## Description of the task:
With the pictures omitted, print exactly the lines below, from the one containing "Sample Resume for" through the one containing "Gundam 1/144 HGBM", and nothing else.
Exercise input: Begin
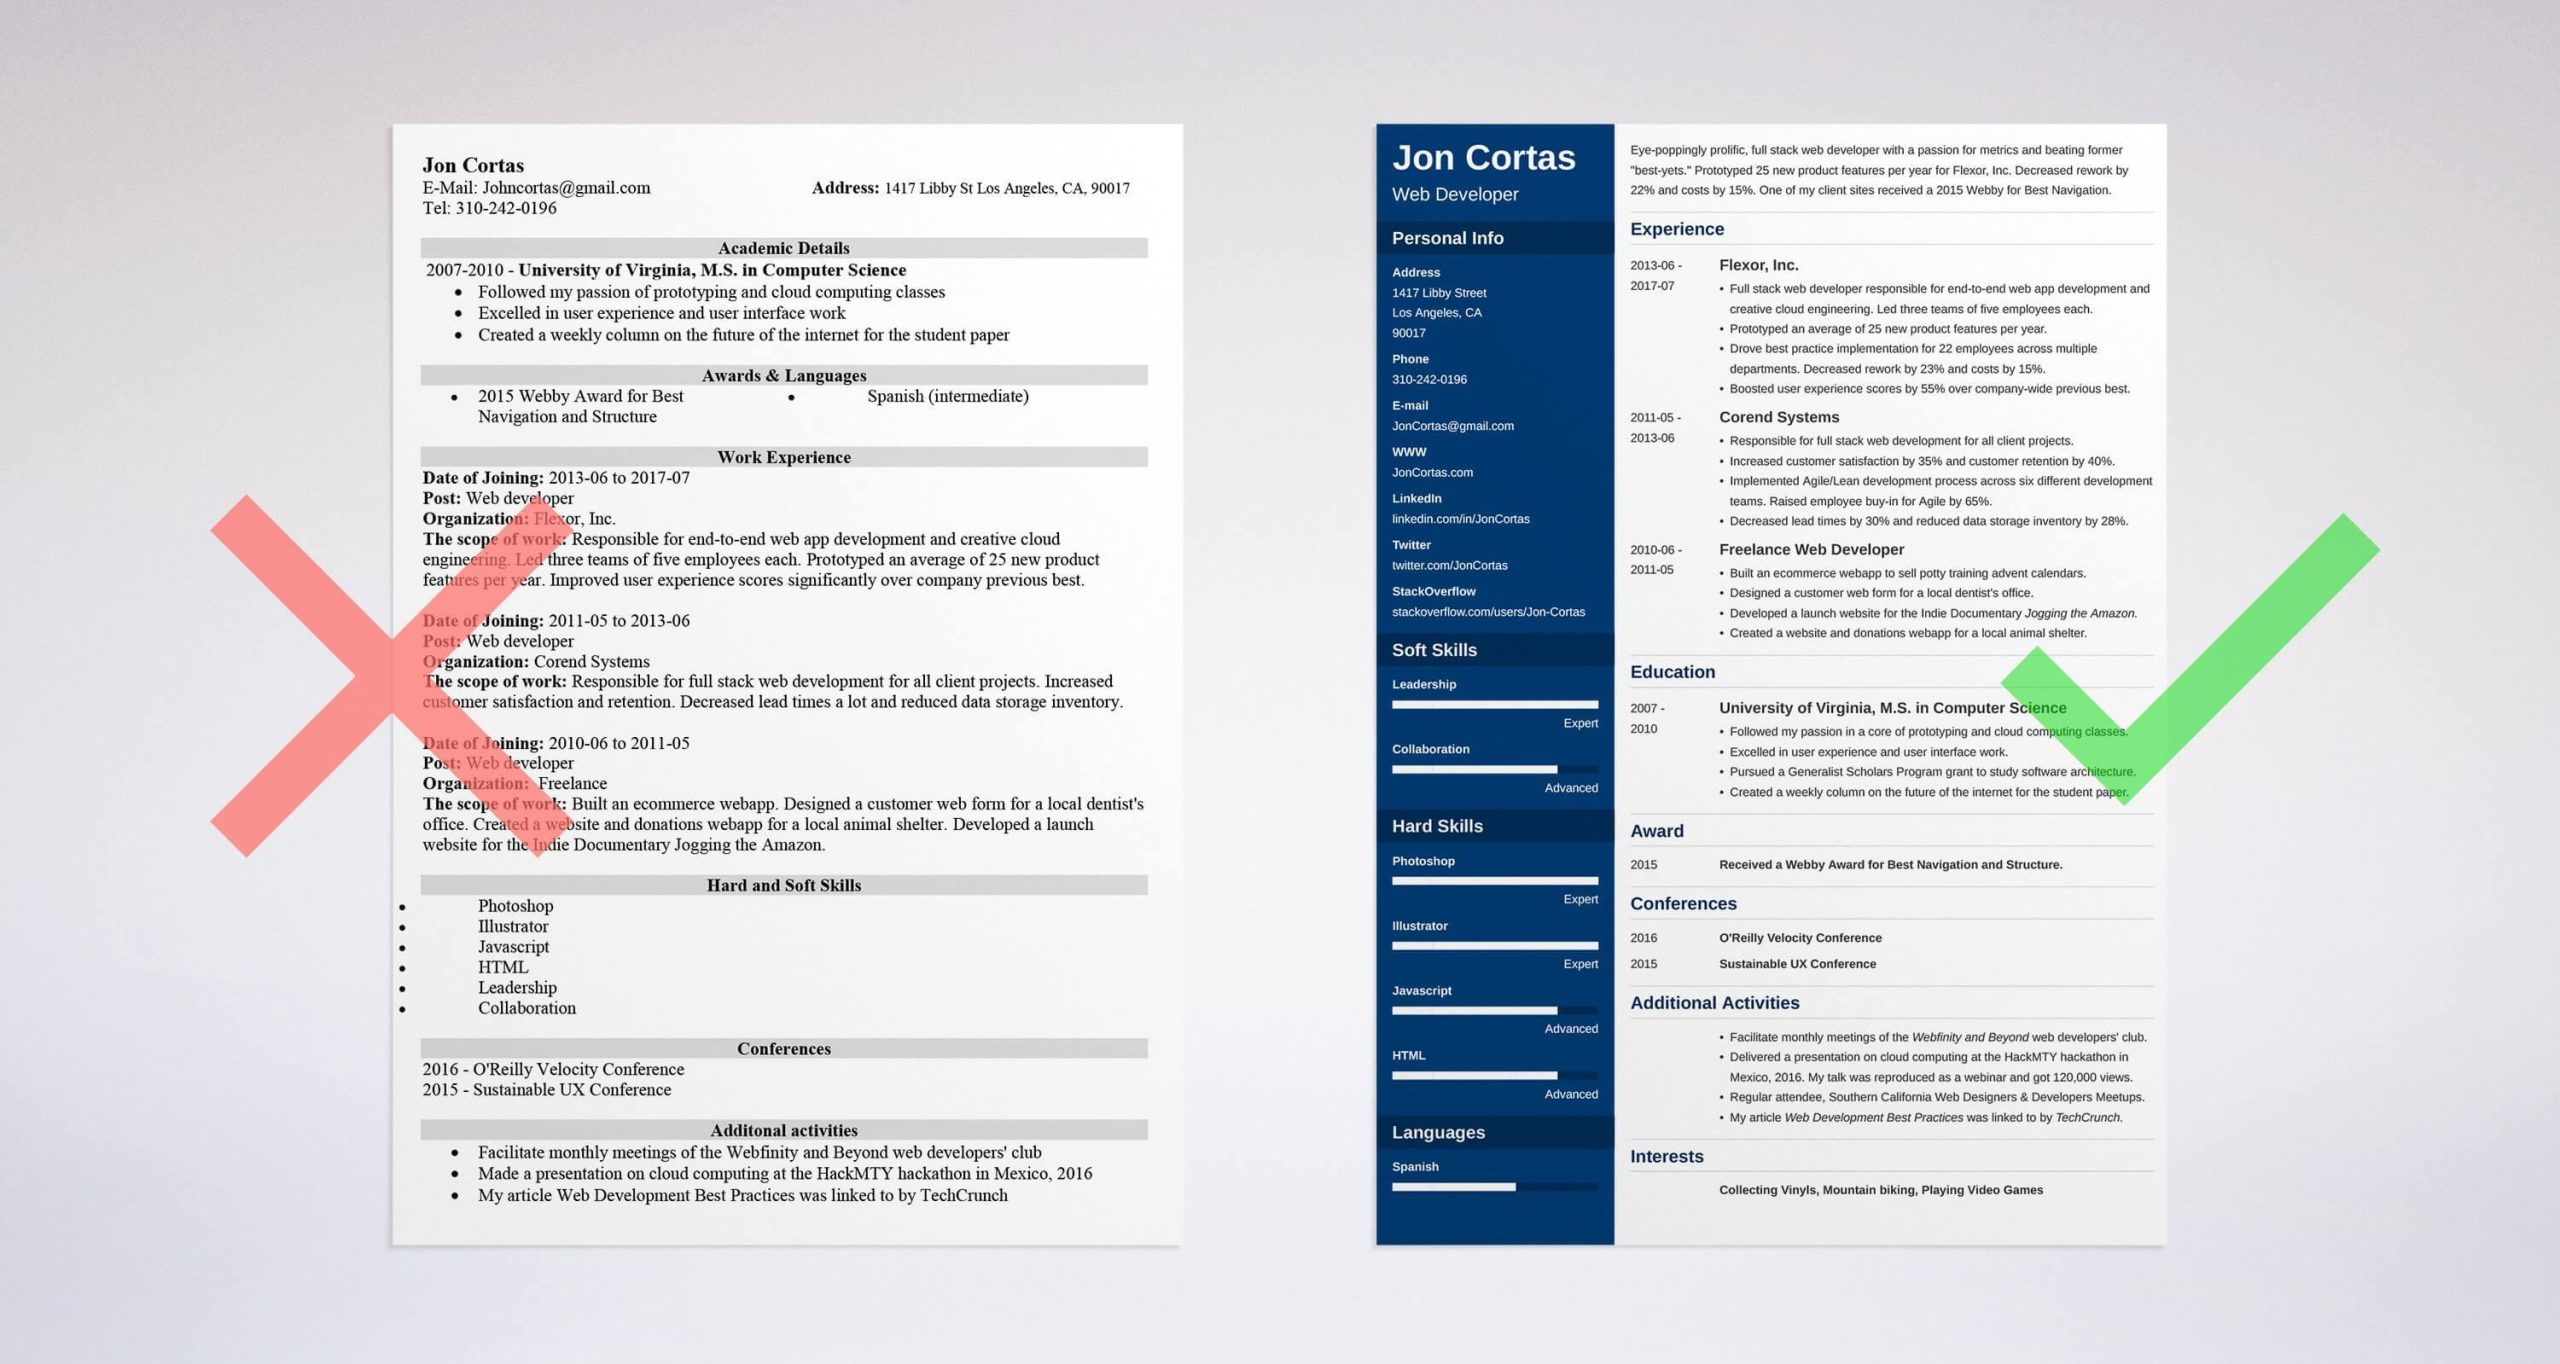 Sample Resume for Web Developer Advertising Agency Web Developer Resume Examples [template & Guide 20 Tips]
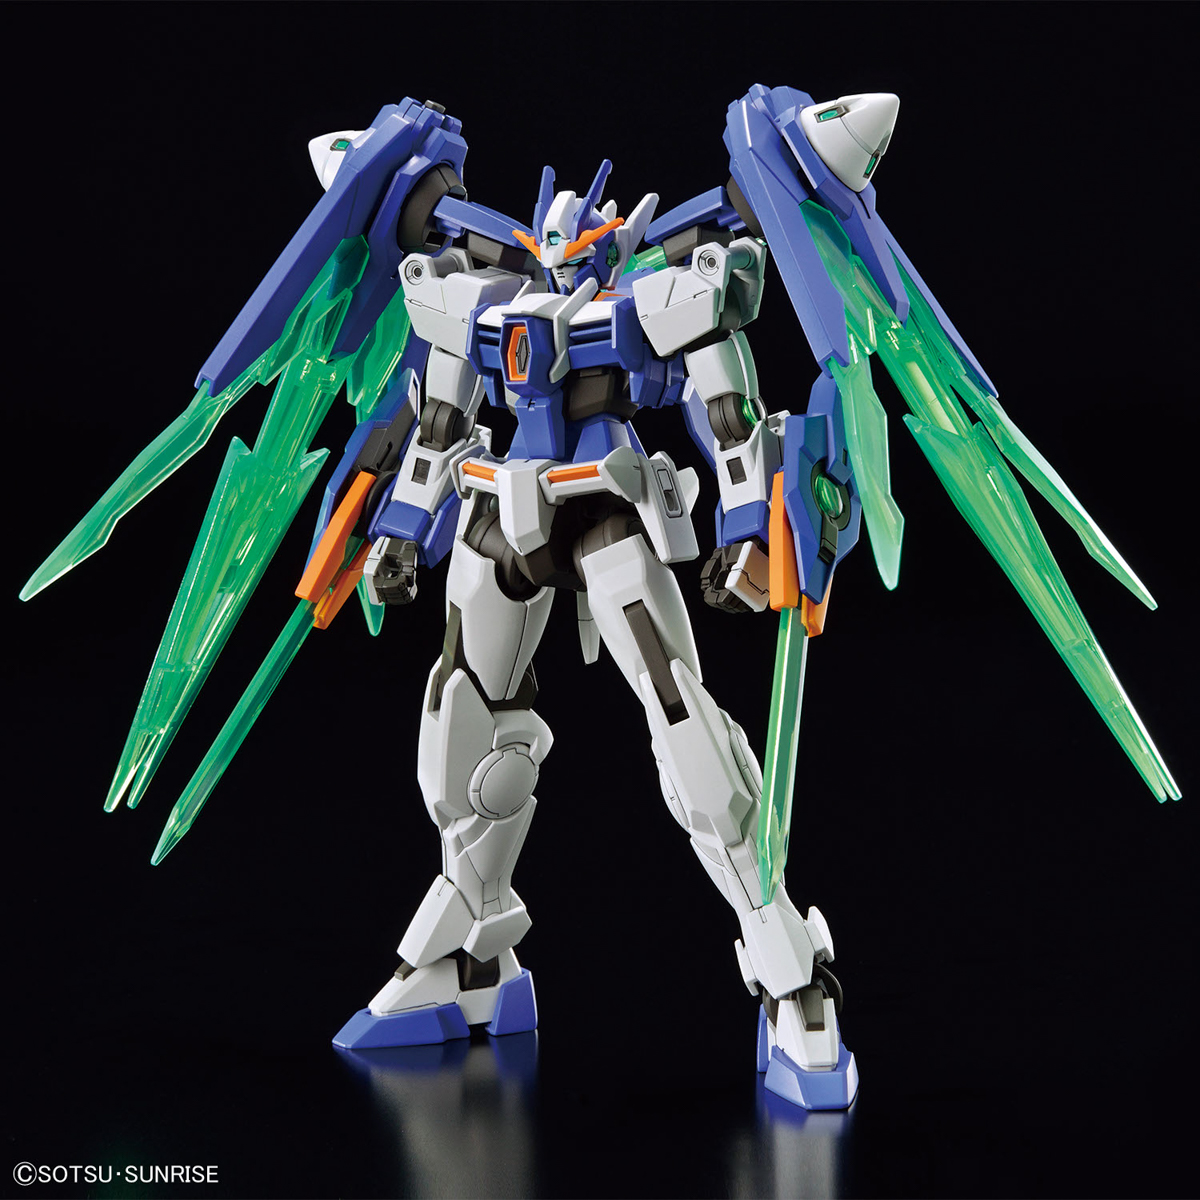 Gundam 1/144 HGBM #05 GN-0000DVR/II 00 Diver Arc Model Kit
Exercise input: End
Exercise input: Begin
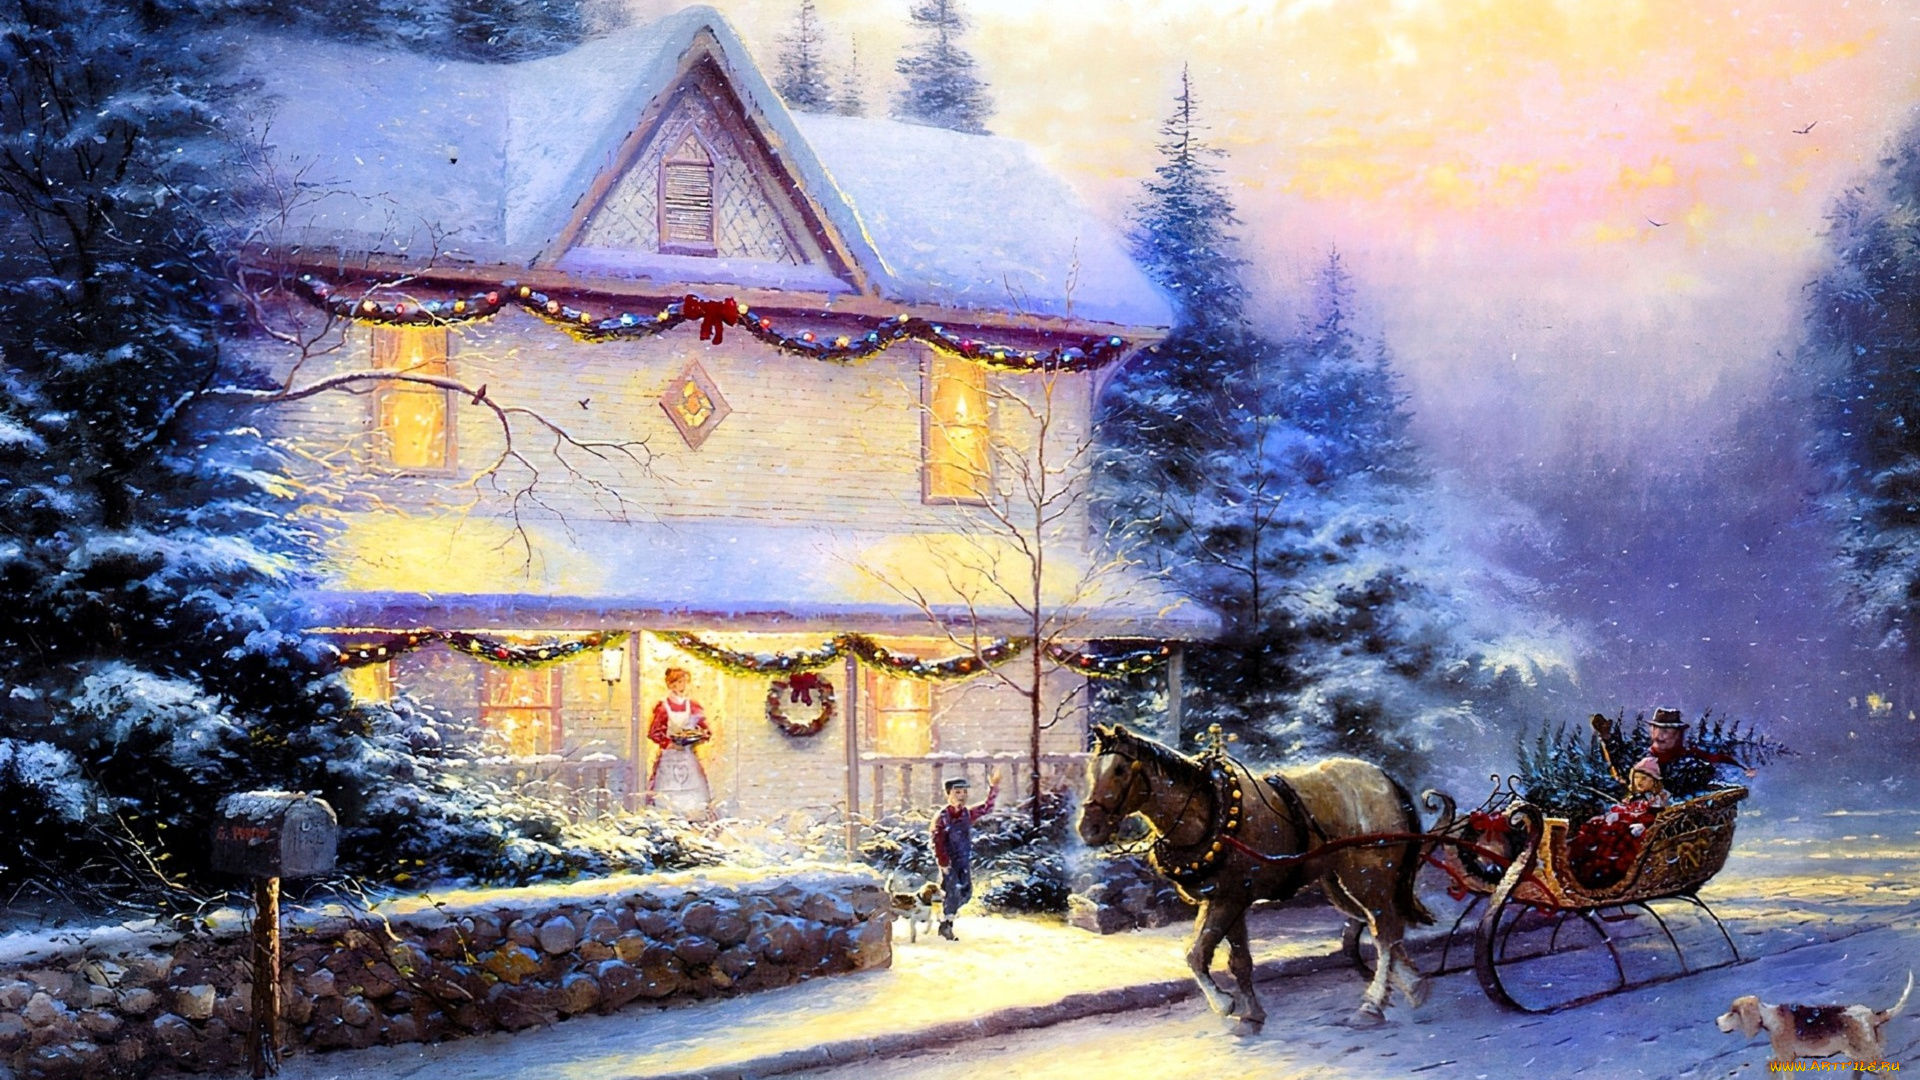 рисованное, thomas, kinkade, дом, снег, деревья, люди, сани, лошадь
Exercise input: End
## Response to the task:
 Sample Resume for Web Developer Advertising Agency Web Developer Resume Examples [template & Guide 20 Tips]
 Gundam 1/144 HGBM #05 GN-0000DVR/II 00 Diver Arc Model Kit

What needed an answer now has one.